What is the "Least Restrictive Environment"? The answer might surprise you.

Least Restrictive Environment (LRE) is a contested topics among parents and schools in special education. Can a student's individual LRE change as their needs change?

The simple answer to this is, no. The least restrictive environment is defined in IDEA (the law governing special education) as the general education classroom. Always. The goal for all students receiving special education services is to be educated "to the maximum extent possible" with their non disabled peers. By this logic, being in a self contained classroom is not meeting LRE. LRE actually is on a continuum. The graphic below illustrates LRE

Students can move up and down the continuum as their needs change. But a self contained classroom is not "least" restrictive, even if a student needs that level of environment.

What really changes when a student needs more or less intensity, is their version of FAPE (free and appropriate public education). In particular, the "A", as in, appropriate, can change fluidly and even rapidly.
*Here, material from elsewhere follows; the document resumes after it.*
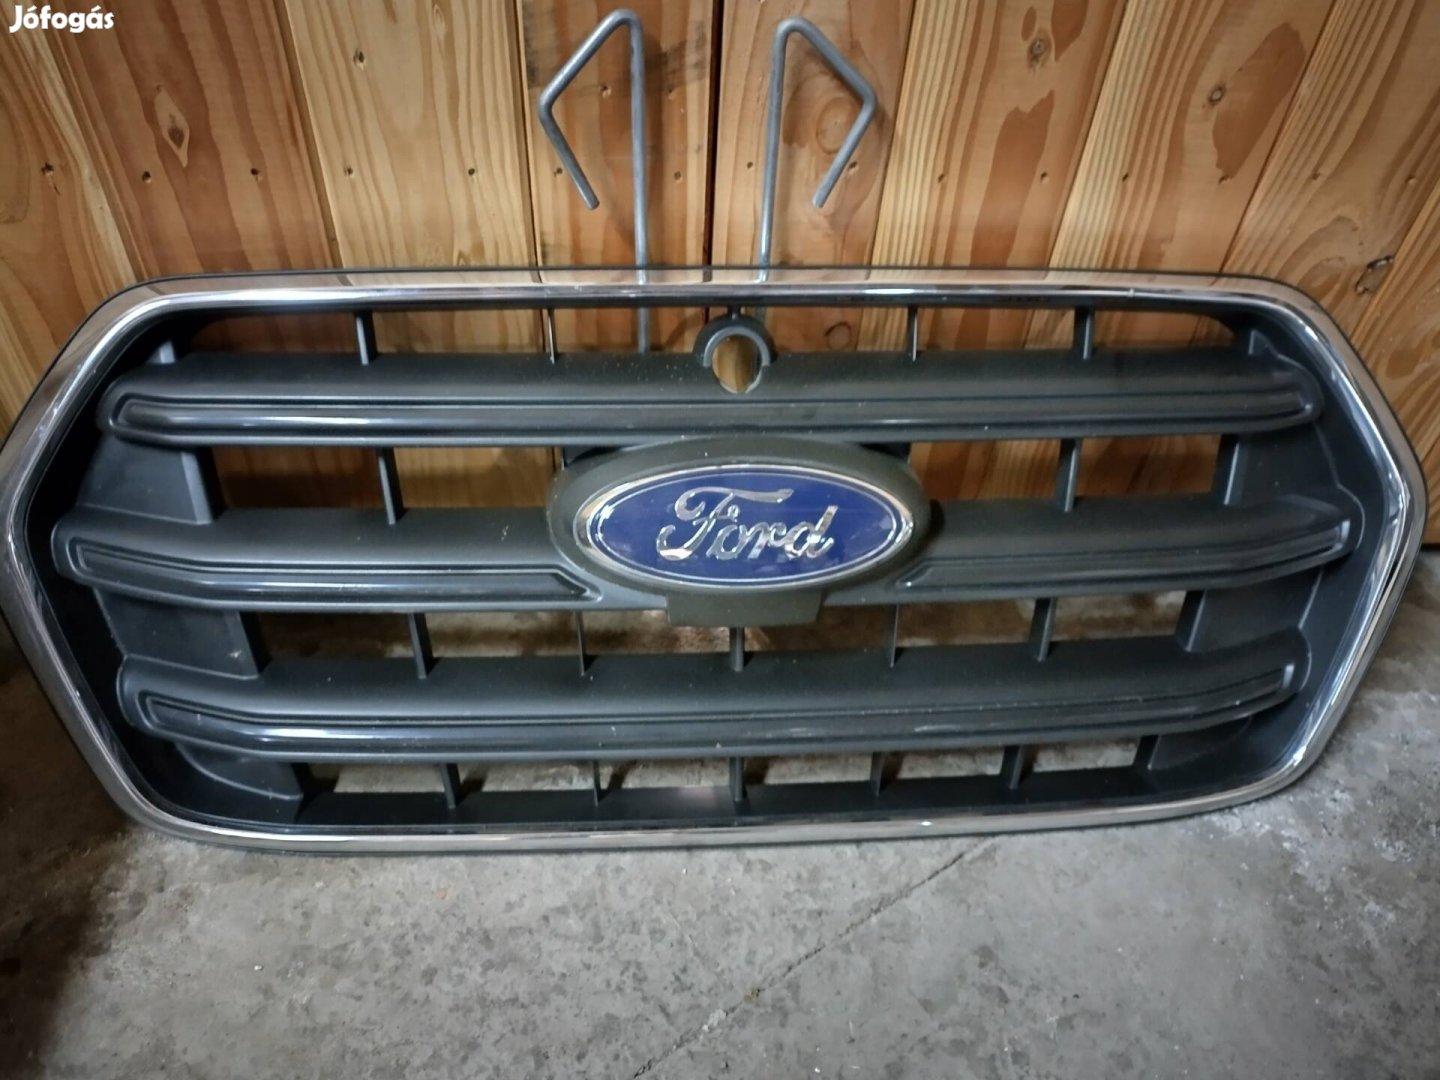 Ford Transit hütögrill hütömaszk hűtőrács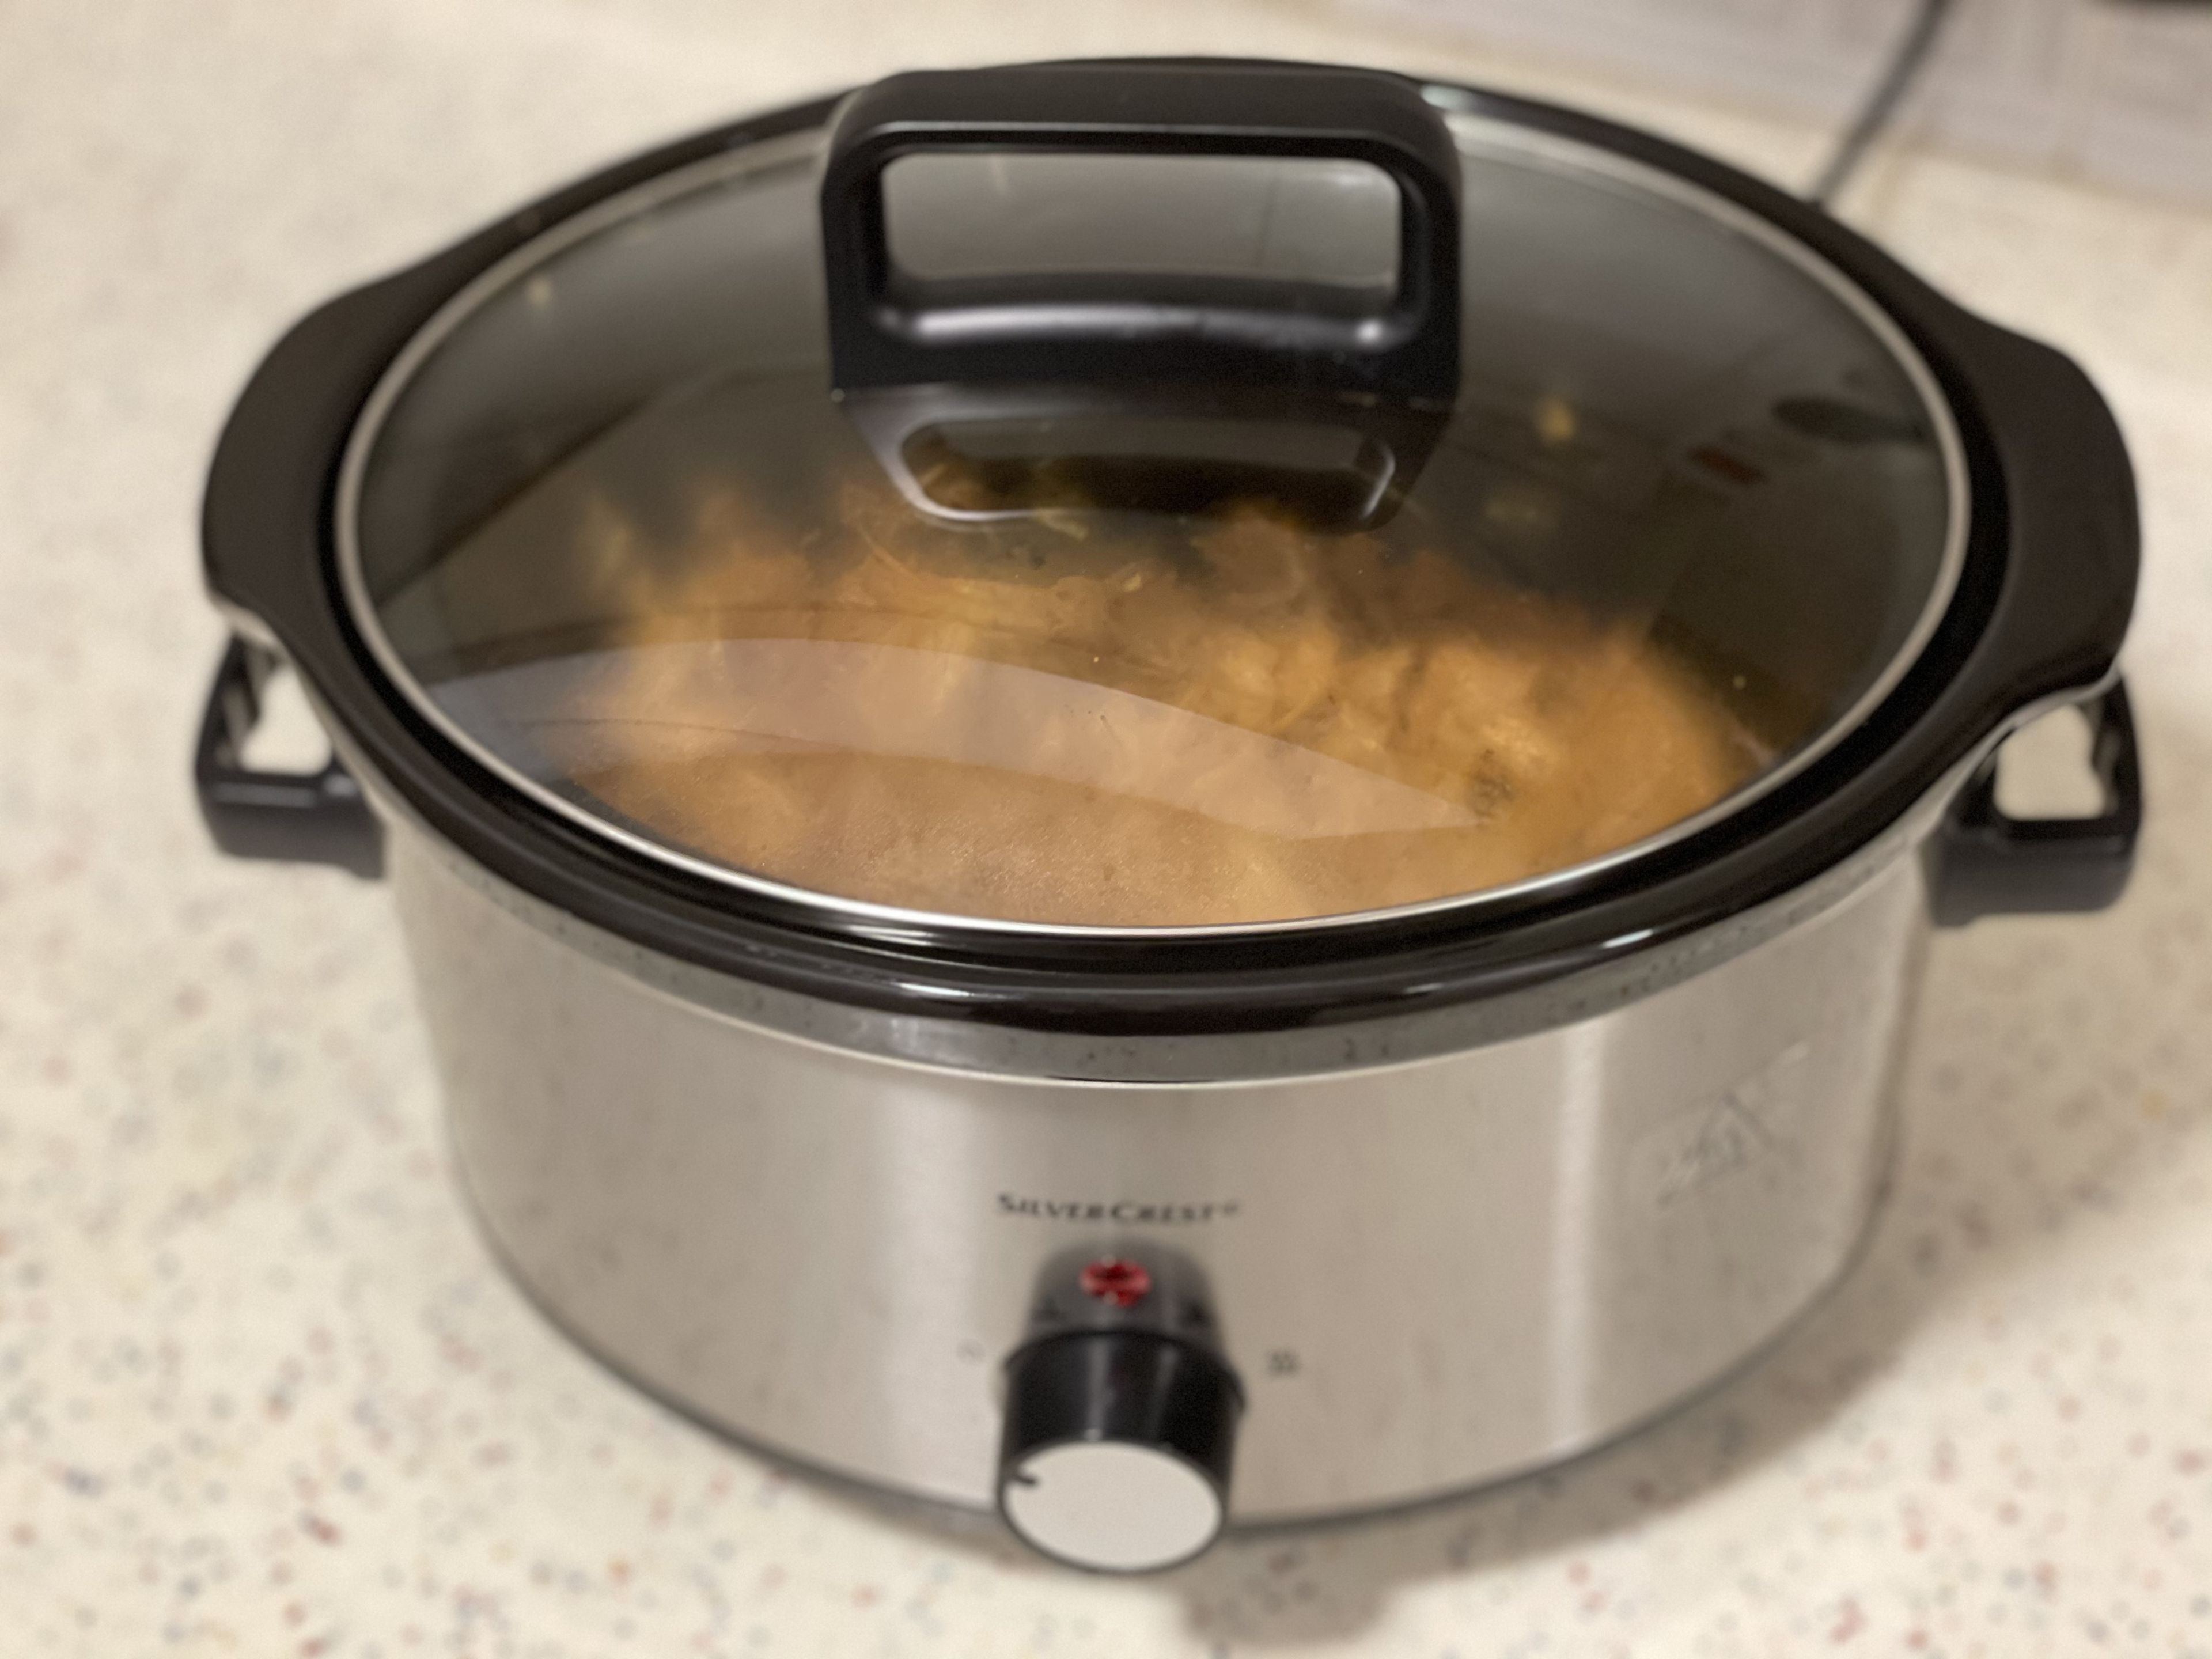 La barata olla de hierro fundido tipo LeCreuset de Lidl para asar y cocinar  jugosos platos al vapor

A student's version of a FAPE might be pull out or push in services in a general ed classroom, or it might be a resource room, or it might be a self contained class. But the goal is always to get them educated with non disabled peers as much as possible. Every student with disabilities should spend at least some of the school day in class or activities with non disabled peers. School districts actually measure this as a metric to the US Department of Education. Therefore, in order to be compliant with IDEA, schools need to meet LRE as much as possible, and try to move disabled students down the continuum via supplementary aids and services, related services, etc.